**TASK GOAL:**
Every line of the entries below from the one containing "El presidente Enrique" to the one containing "L’original MINOXIDIL 5%", both ends included, must be written out exactly. No other line belongs in the answer.

Data items:
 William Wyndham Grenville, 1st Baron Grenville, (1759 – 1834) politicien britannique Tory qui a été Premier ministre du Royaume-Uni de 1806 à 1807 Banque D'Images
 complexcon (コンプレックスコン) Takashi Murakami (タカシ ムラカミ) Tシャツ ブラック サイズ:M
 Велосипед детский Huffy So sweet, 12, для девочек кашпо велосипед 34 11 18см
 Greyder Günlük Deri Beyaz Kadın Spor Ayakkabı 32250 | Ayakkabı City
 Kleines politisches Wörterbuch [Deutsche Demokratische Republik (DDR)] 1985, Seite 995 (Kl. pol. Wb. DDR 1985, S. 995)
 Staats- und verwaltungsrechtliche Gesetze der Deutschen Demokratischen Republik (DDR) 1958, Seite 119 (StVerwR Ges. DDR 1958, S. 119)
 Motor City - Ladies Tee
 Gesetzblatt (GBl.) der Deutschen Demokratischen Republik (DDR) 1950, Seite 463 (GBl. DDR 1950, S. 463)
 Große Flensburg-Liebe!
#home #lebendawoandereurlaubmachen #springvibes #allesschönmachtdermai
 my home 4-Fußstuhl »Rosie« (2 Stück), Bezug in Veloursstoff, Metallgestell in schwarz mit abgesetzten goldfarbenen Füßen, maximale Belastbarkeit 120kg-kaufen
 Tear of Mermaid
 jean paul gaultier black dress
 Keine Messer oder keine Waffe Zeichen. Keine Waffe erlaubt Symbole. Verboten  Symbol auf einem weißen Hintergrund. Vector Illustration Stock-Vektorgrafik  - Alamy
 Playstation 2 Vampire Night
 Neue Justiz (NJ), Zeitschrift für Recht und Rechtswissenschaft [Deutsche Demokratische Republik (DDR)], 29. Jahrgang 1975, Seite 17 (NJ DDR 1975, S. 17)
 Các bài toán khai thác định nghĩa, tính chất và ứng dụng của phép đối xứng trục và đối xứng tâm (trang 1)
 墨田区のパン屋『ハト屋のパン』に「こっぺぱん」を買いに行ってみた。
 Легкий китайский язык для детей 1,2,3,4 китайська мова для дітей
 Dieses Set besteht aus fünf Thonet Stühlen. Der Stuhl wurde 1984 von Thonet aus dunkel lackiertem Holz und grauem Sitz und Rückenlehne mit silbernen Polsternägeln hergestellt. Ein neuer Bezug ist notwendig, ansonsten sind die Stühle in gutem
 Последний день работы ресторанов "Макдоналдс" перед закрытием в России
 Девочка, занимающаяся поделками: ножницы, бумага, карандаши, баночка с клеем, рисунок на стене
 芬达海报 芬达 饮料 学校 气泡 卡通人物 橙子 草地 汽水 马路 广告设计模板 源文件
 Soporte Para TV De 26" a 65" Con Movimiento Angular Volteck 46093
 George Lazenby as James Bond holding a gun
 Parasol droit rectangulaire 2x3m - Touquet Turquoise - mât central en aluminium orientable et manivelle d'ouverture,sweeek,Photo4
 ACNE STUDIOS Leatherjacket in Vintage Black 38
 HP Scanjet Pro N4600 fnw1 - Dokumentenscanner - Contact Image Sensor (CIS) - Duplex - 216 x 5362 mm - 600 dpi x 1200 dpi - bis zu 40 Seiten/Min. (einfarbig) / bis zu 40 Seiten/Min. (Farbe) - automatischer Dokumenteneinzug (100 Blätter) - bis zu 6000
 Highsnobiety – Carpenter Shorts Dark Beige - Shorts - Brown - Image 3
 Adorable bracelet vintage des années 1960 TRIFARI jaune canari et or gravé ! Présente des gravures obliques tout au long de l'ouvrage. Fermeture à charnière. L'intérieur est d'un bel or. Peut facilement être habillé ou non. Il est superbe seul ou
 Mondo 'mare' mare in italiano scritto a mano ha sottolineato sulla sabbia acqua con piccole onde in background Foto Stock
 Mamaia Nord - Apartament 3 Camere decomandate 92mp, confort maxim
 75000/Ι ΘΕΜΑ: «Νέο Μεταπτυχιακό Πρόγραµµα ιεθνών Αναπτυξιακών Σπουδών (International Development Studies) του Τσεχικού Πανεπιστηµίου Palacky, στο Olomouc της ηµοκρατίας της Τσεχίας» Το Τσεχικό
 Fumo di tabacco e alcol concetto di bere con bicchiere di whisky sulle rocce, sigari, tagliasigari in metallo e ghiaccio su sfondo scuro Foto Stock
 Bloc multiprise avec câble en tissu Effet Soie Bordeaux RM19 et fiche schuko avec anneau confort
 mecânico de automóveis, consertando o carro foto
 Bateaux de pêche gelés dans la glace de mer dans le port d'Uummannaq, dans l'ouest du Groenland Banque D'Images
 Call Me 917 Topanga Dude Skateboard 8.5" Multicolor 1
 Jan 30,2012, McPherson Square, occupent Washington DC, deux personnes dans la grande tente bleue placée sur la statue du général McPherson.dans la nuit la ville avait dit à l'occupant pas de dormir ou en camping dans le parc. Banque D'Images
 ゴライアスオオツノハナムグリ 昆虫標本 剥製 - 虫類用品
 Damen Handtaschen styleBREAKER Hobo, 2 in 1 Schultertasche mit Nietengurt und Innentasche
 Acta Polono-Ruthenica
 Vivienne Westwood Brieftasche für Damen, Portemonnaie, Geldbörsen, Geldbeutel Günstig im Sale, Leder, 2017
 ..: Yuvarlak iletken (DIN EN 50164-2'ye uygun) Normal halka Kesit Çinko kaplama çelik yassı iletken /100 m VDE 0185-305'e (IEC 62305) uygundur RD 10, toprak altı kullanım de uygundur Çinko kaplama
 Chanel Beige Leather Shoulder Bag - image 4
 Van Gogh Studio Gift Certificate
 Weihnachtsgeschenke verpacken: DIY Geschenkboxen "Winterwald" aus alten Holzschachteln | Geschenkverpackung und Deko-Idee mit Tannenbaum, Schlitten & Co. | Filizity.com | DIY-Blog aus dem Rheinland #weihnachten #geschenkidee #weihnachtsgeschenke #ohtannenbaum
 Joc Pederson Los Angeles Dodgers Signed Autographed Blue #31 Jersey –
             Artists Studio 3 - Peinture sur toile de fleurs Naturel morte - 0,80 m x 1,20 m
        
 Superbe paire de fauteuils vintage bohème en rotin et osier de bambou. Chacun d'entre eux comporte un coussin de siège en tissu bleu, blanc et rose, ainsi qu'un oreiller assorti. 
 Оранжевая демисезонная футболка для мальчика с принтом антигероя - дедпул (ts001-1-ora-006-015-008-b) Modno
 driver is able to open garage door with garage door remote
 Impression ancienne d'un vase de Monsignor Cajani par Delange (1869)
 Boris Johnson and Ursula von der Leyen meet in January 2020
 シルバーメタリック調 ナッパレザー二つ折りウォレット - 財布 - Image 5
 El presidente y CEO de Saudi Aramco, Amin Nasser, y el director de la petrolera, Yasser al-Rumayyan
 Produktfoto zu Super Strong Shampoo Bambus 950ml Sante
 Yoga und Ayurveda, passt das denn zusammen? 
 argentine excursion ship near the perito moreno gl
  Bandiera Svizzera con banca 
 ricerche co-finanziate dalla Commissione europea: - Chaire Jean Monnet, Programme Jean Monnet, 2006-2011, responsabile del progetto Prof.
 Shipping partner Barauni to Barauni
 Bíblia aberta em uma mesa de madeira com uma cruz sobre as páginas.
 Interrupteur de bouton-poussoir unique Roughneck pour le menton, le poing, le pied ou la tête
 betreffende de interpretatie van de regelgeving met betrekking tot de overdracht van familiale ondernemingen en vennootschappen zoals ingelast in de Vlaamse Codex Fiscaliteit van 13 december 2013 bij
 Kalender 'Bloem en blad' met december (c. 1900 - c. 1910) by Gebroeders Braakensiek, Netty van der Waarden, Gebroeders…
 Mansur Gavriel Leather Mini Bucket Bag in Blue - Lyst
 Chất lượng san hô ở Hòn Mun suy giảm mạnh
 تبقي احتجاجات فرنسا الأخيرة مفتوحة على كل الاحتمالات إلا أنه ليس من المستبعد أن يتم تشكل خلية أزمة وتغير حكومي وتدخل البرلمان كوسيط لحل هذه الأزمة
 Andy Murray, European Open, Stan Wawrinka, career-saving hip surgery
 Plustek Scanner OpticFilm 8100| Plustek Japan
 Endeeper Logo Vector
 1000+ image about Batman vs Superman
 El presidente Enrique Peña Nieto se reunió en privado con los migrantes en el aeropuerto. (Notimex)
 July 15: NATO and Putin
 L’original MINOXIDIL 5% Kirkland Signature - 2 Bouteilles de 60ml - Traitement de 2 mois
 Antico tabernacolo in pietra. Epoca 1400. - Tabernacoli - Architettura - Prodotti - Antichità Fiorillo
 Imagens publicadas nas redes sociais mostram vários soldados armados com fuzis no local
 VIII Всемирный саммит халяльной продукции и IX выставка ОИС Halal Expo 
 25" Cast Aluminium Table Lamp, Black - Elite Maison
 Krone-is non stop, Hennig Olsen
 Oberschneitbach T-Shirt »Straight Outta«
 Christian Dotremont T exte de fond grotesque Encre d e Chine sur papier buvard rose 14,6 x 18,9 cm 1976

**WRITTEN REPLY:**
 El presidente Enrique Peña Nieto se reunió en privado con los migrantes en el aeropuerto. (Notimex)
 July 15: NATO and Putin
 L’original MINOXIDIL 5% Kirkland Signature - 2 Bouteilles de 60ml - Traitement de 2 mois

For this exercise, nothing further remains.